Since Monday countless Americans, and presumably people from other countries as well (I’m not sure because I don’t know how to check) were raptured as Jesus began his second coming round-up. For thousands of years, or at least since 1830, many Christians have believed that Jesus was going to descend from heaven to rapture his church. Jesus’ church is generally considered anyone who professes their faith and love in the lord and is white, protestant and republican and owns at least one horrific winter sweater. Most had assumed that the rapture would be an instantaneous, co-ordinated event, but so far it looks like it’s going to be a long process, at least based on the early pattern.
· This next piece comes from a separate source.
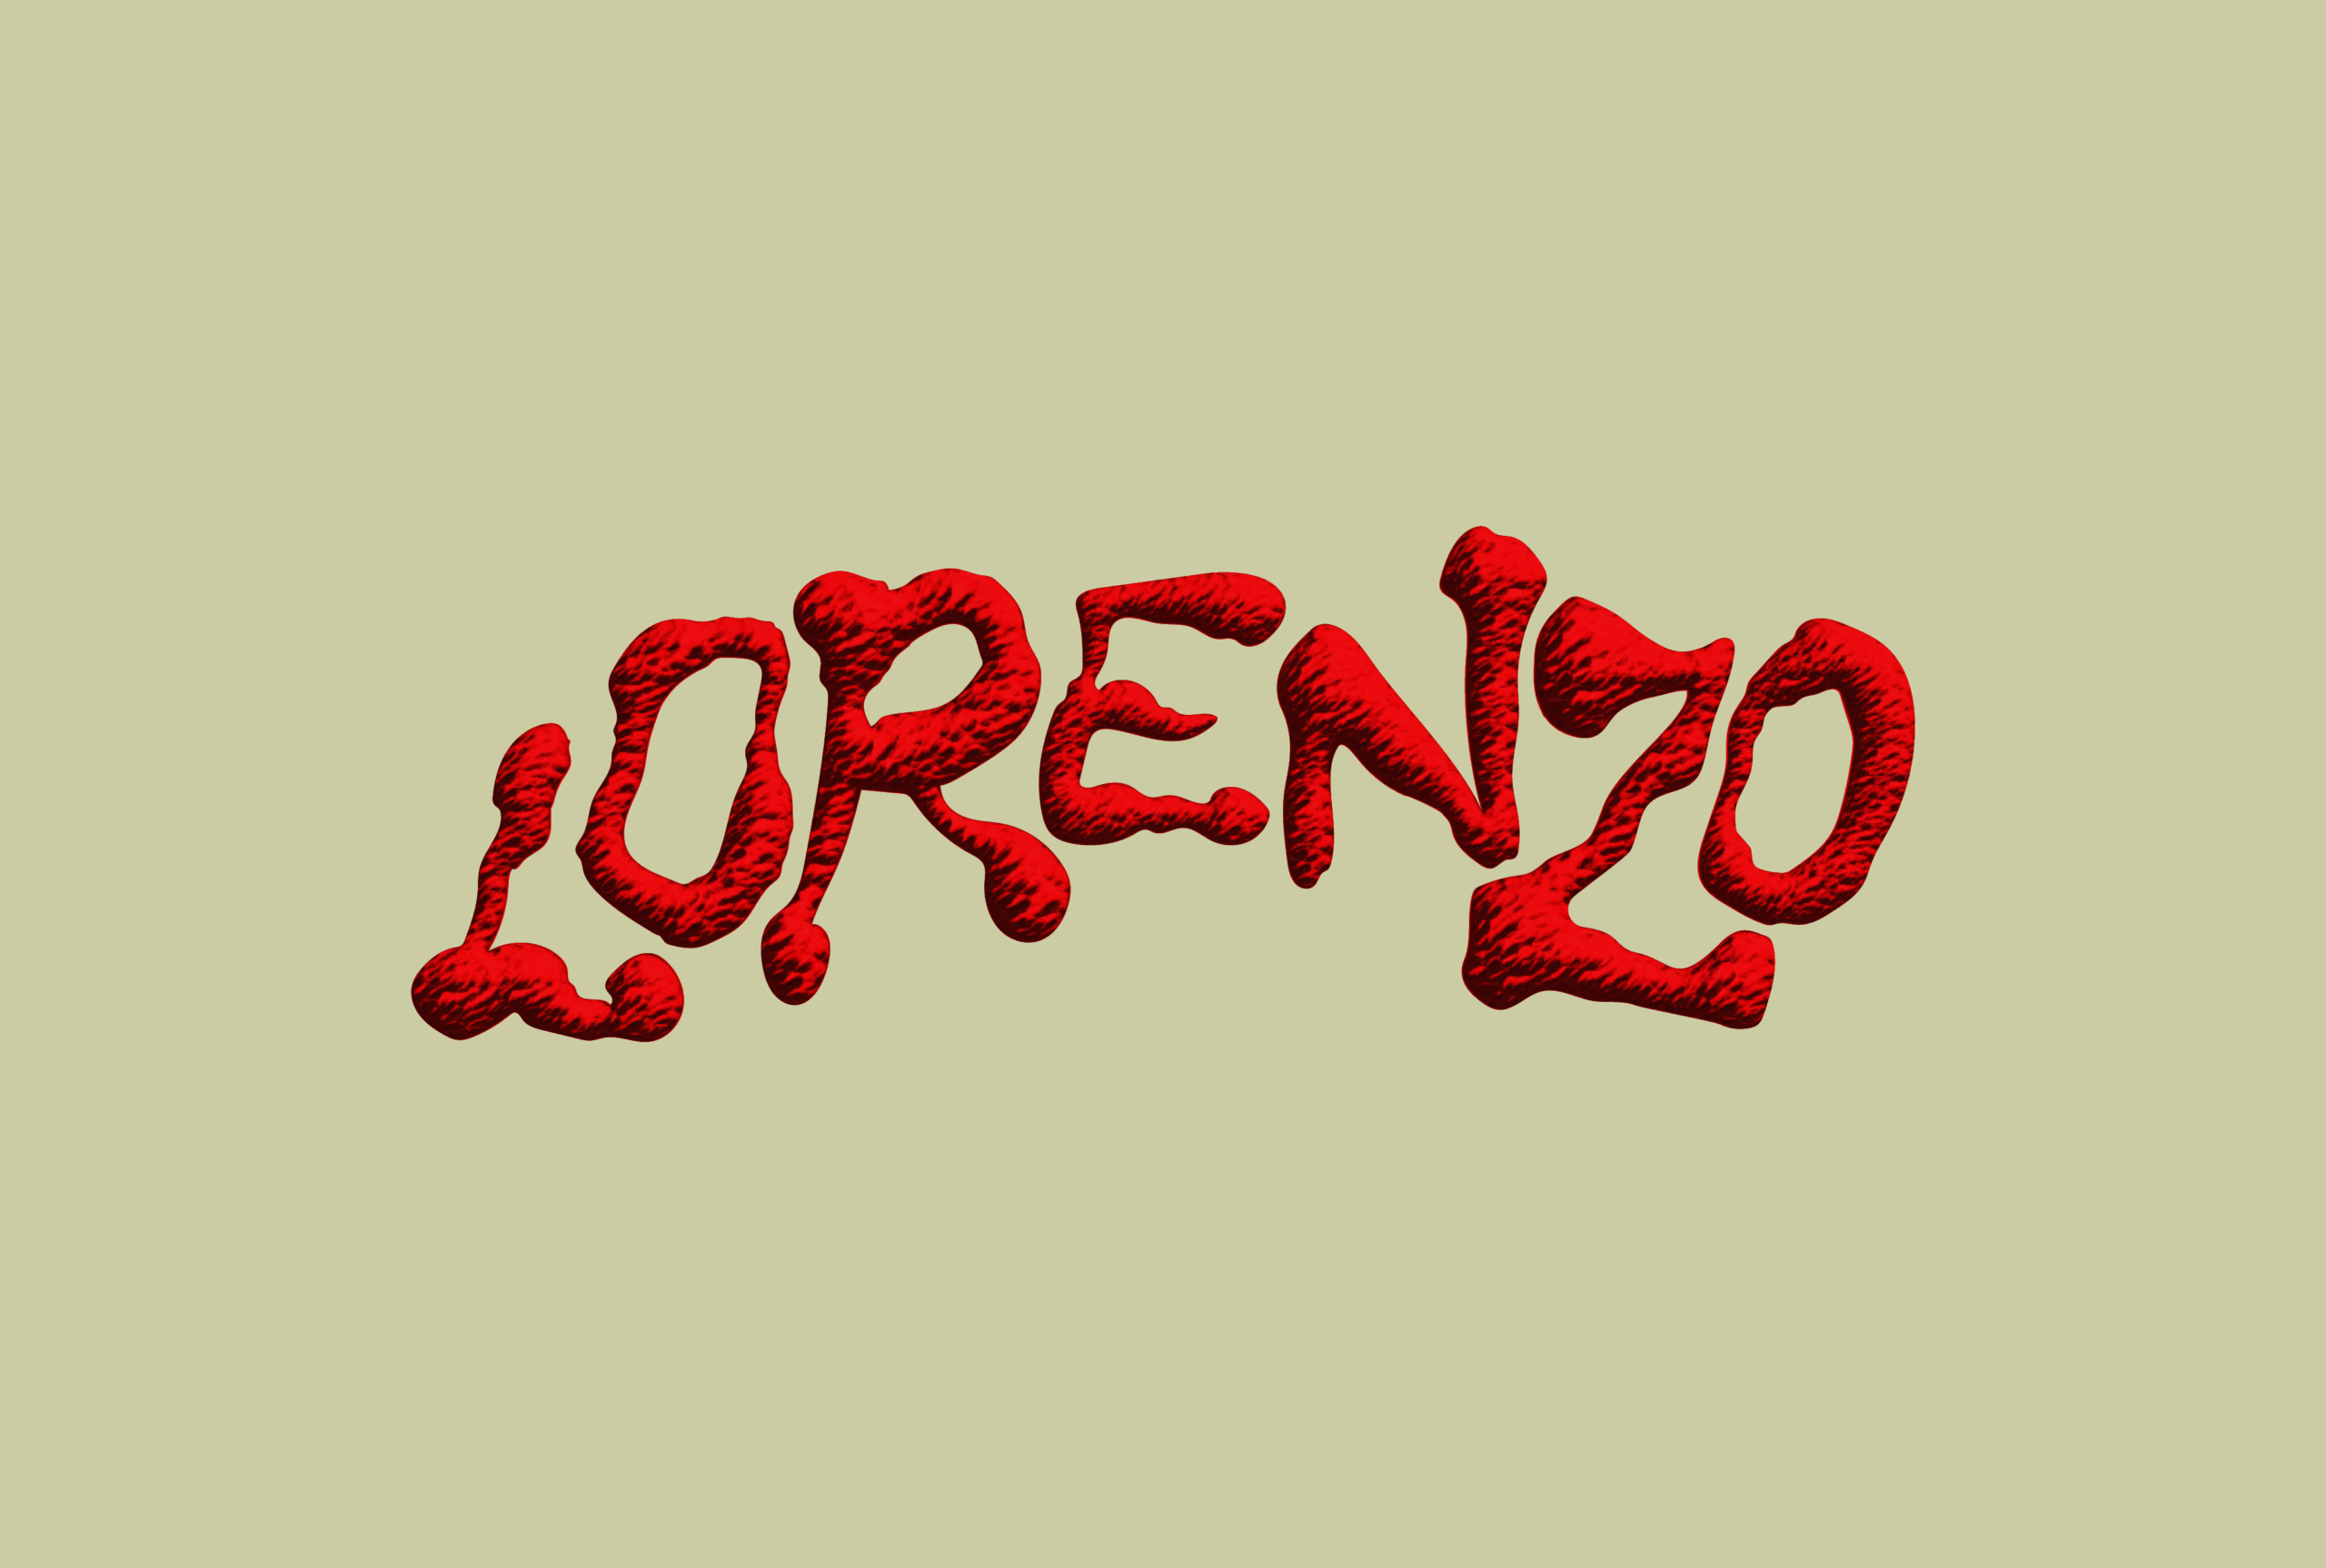 Lorenzo — Coming soon

The loved ones who have been left behind by those missing are predictably remorseful. Norma Jean Druitt, widow of William ‘Buck’ Druitt issued the following statement to the media: “On Wednesday night we went to our separate bedrooms, him being a Leno man and me not being sexually attracted to him in the least and when I got up Thursday morning he’d been raptured away. The only things left in his rooms were his bible, dentures, bedclothes and body. But ol’ Bill was gone, any fool could tell that. All those years that bastard went on and on bout Jesus… I shoulda listened.”
The Druitt’s weren’t the only ones caught up in this strange, supernatural phenomenon that swept the country however. Sharon Pearson watched as her husband was raptured right before her eyes. “One minute he was ranting on about George Soros and the anti-Semitic Semitic progressive socialist movement and drinking a Diet Dr. Pepper and the next he was grabbing at his chest as if in love, and acknowledging Jesus’ presence by saying, “Oh Jesus Oh Jesus Owwww Shit.” Then he fell down on his face and was…. gone, just gone.”
Most Christians had erroneously believed that when they were raptured they’d be taken bodily to heaven, getting to avoid the reality of a physical death, but they were wrong, dead wrong, in all but a few mysterious cases. In one such instance a teenager, staying with his slutty girlfriend in a creepy little cabin deep in the woods told the slut that he’d heard a strange noise ‘out there’ and was ‘going to check it out.’
Coincidentally, the only other instances where the body was also physically raptured were all preceded by a cryptic message uttered from the soon-to-be rapturee the last time they were seen.
“I’ll bet you five dollars I can swim across this fucker.”
“There seems to be something stuck in the wood chipper Matty, let me call you back.”
And, “Dude, have you ever mixed Ketamine with PCP?”
Were all among last words uttered by the vanished.
In the strangest case of all, the man who made himself rich and famous by wrongly predicting the rapture in both 1994 and May 2011, and who subsequently re-re-prophesized the event for October 2011 has been partially raptured. It seems only the right side of his face and partial use of his right arm and penis were raptured.
PS- I know that you guys are probably getting tired of all the rapture all the time on this blog so I swear this is the last one. Unless, you know… something comes up.
PPS- Everything that I have against modern/right wing Christianity is perfectly exemplified in this one thread. I may make fun of Camping and others but these good Jesus people are just orgasmic that he had a stroke. They are the epitome of unconsious evil. And schadenfreude.